+++ RECORDS FOR THIS TASK
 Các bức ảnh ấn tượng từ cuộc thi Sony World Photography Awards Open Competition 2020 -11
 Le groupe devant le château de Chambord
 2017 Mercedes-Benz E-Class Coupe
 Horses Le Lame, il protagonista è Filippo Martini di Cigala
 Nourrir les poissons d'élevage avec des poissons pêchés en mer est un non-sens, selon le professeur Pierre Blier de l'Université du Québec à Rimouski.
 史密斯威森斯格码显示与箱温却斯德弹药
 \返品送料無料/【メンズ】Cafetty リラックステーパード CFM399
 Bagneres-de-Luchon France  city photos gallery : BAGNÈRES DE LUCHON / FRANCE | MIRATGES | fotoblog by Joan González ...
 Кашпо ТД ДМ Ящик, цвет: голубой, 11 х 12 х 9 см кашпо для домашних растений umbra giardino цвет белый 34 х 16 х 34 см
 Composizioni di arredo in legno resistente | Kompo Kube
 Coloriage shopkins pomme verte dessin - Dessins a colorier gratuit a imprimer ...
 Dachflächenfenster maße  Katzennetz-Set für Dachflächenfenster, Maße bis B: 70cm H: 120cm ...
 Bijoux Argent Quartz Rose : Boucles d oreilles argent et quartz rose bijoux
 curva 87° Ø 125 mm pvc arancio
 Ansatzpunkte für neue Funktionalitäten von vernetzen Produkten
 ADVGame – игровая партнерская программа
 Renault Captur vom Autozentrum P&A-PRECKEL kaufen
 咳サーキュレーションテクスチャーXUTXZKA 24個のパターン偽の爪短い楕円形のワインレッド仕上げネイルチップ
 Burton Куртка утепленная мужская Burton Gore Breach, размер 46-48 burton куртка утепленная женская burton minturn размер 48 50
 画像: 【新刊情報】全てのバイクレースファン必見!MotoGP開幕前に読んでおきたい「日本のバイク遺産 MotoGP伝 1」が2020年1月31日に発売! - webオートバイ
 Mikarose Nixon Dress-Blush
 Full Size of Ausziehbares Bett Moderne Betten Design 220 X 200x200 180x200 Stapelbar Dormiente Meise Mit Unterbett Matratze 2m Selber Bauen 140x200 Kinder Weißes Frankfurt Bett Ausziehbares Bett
++++++
EXERCISE DETAILS:
Only the lines from the one with "咳サーキュレーションテクスチ" through the end of the data should be printed, each exactly as it appears.

YOUR SOLUTION:
 咳サーキュレーションテクスチャーXUTXZKA 24個のパターン偽の爪短い楕円形のワインレッド仕上げネイルチップ
 Burton Куртка утепленная мужская Burton Gore Breach, размер 46-48 burton куртка утепленная женская burton minturn размер 48 50
 画像: 【新刊情報】全てのバイクレースファン必見!MotoGP開幕前に読んでおきたい「日本のバイク遺産 MotoGP伝 1」が2020年1月31日に発売! - webオートバイ
 Mikarose Nixon Dress-Blush
 Full Size of Ausziehbares Bett Moderne Betten Design 220 X 200x200 180x200 Stapelbar Dormiente Meise Mit Unterbett Matratze 2m Selber Bauen 140x200 Kinder Weißes Frankfurt Bett Ausziehbares Bett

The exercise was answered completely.